Query by document via a decomposition-based two-level retrieval approach

  • Authors:
  • Linkai Weng;Zhiwei Li;Rui Cai;Yaoxue Zhang;Yuezhi Zhou;Laurence T. Yang;Lei Zhang

  • Affiliations:
  • Tsinghua University, Beijing, China;Microsoft Research Asia, Beijing, China;Microsoft Research Asia, Beijing, China;Tsinghua University, Beijing, China;Tsinghua University, Beijing, China;St. Francis Xavier University, Antigonish, Canada;Microsoft Research Asia, Beijing, China

  • Venue:
  • Proceedings of the 34th international ACM SIGIR conference on Research and development in Information Retrieval
  • Year:
  • 2011

Quantified Score

Hi-index 0.00

Visualization

Abstract

Retrieving similar documents from a large-scale text corpus according to a given document is a fundamental technique for many applications. However, most of existing indexing techniques have difficulties to address this problem due to special properties of a document query, e.g. high dimensionality, sparse representation and semantic concern. Towards addressing this problem, we propose a two-level retrieval solution based on a document decomposition idea. A document is decomposed to a compact vector and a few document specific keywords by a dimension reduction approach. The compact vector embodies the major semantics of a document, and the document specific keywords complement the discriminative power lost in dimension reduction process.
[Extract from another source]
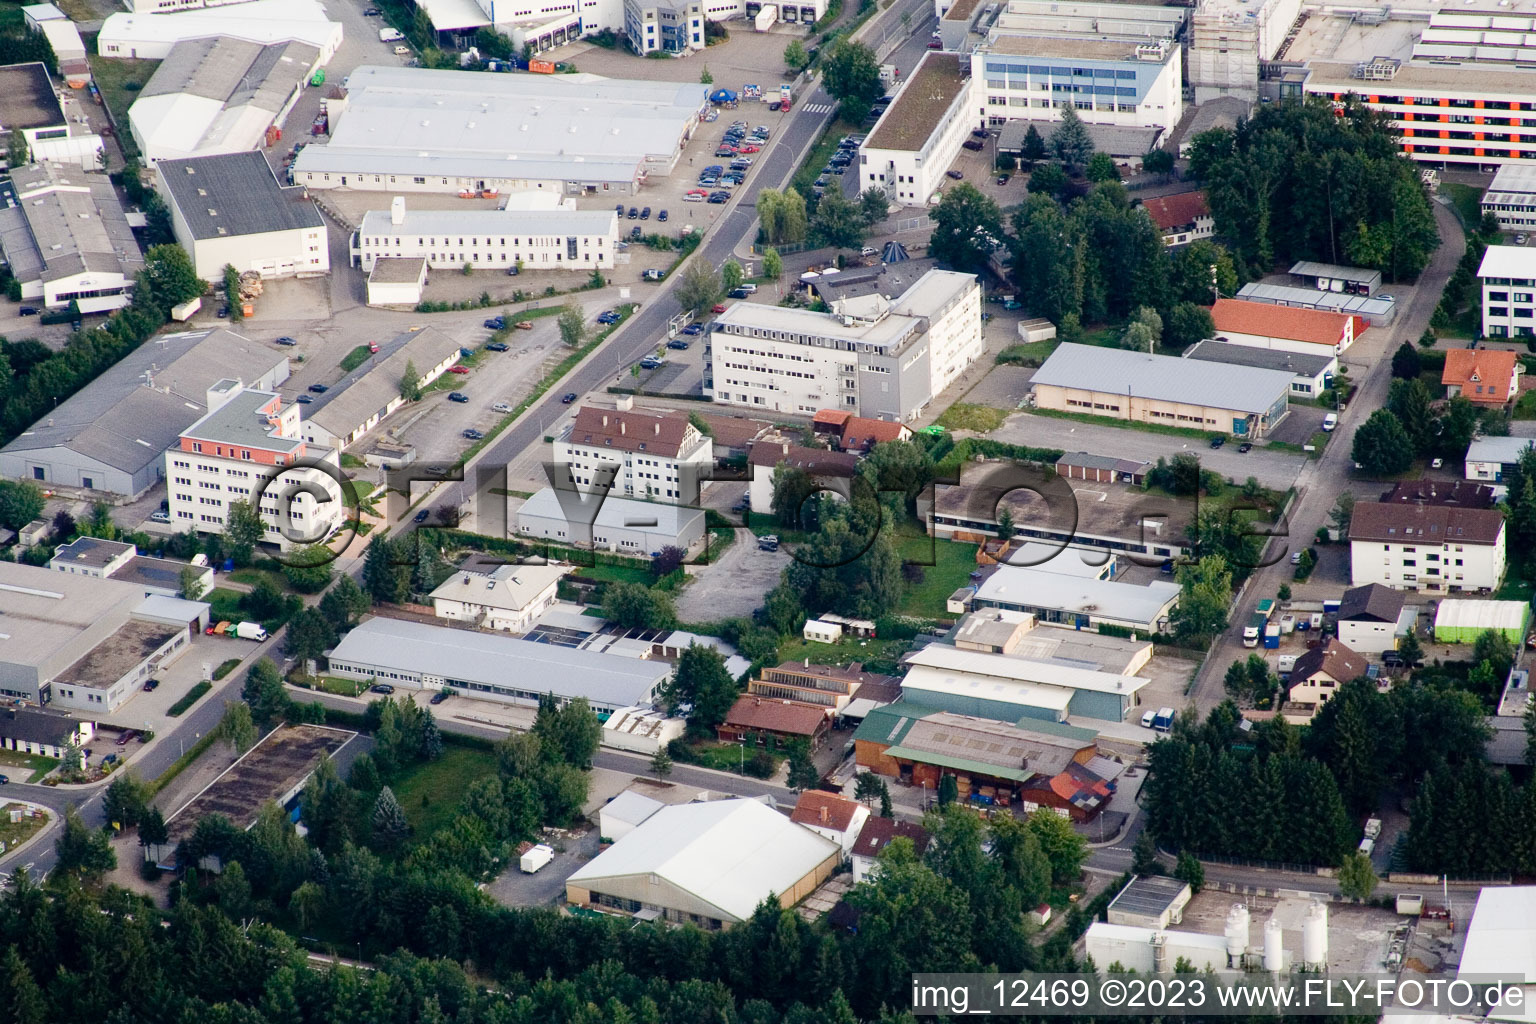 Ittersbach, zone industrielle à le quartier Im Stockmädle in Karlsbad dans le département Bade-Wurtemberg, Allemagne vue d'en haut
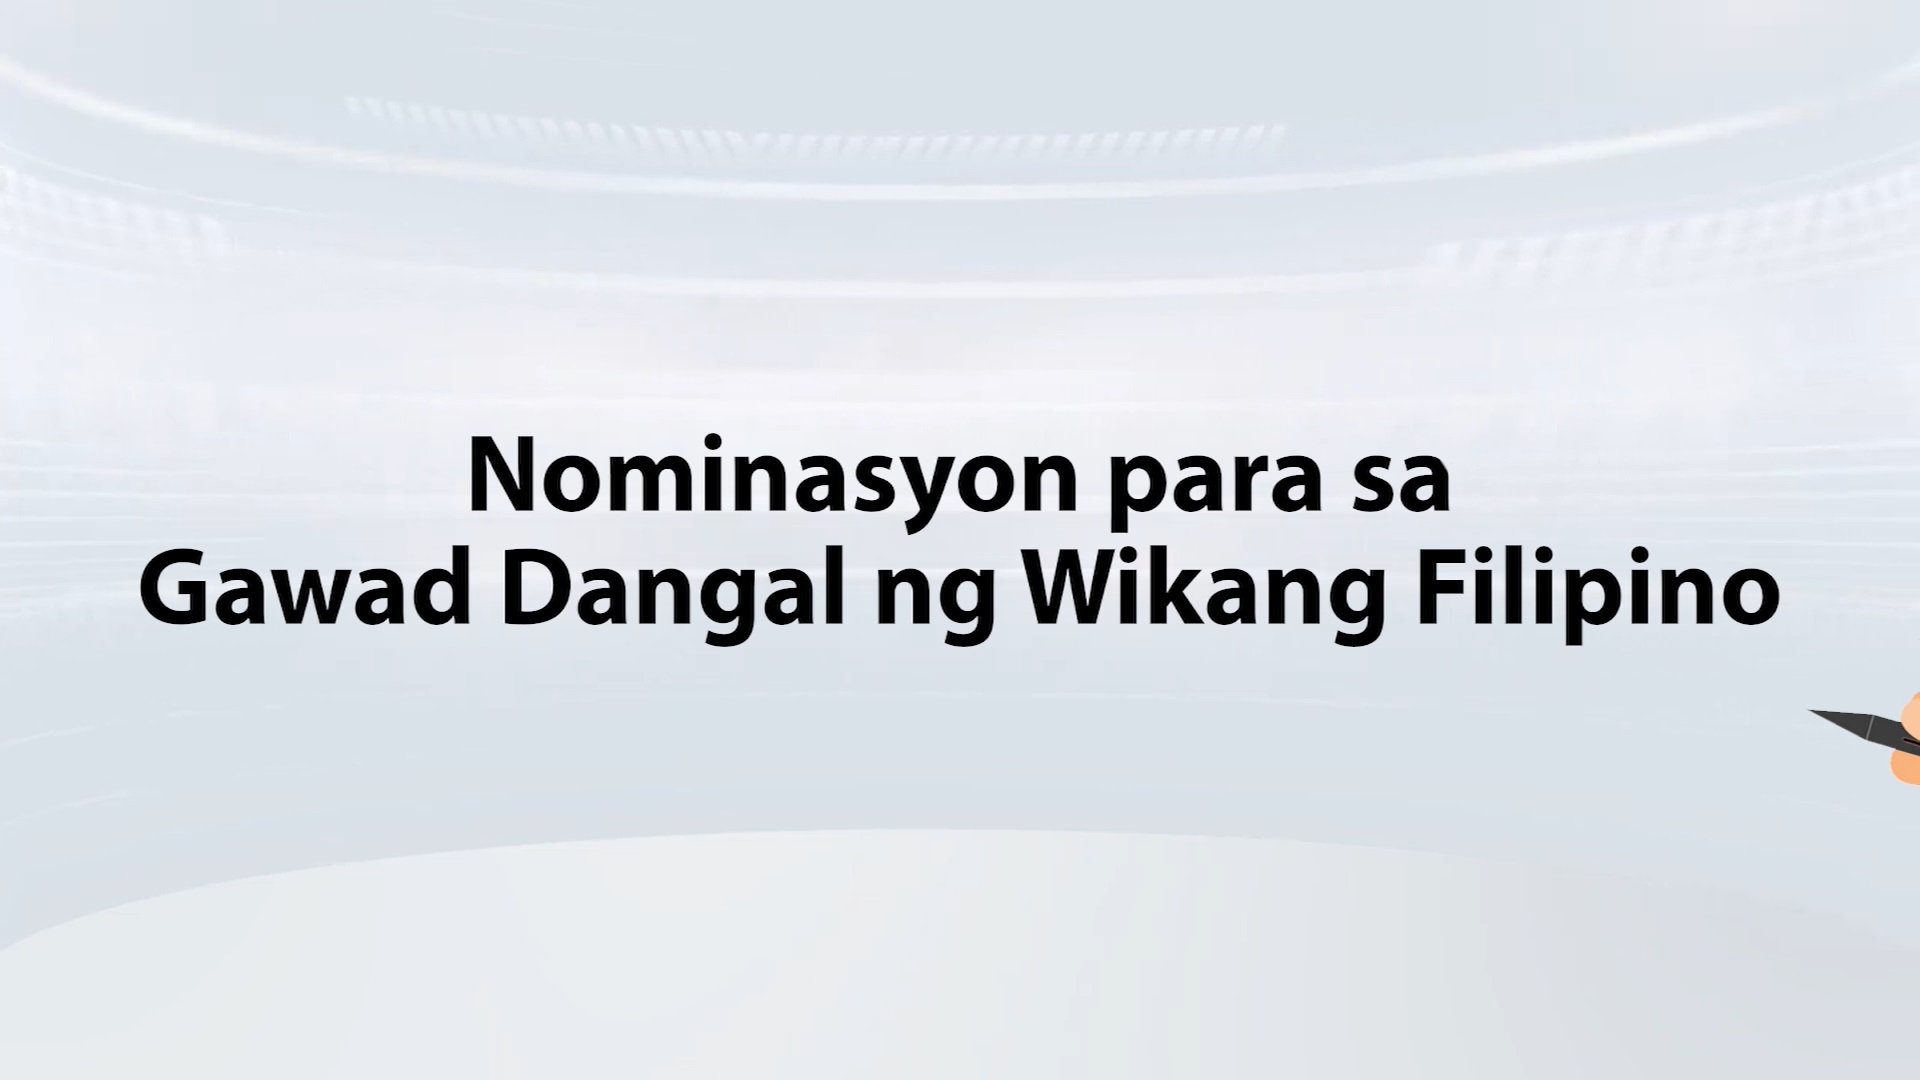 Gawad Dangal ng Wikang Filipino

We adopt locality sensitive hashing (LSH) to index the compact vectors, which guarantees to quickly find a set of related documents according to the vector of a query document. Then we re-rank documents in this set by their document specific keywords. In experiments, we obtained promising results on various datasets in terms of both accuracy and performance. We demonstrated that this solution is able to index large-scale corpus for efficient similarity-based document retrieval.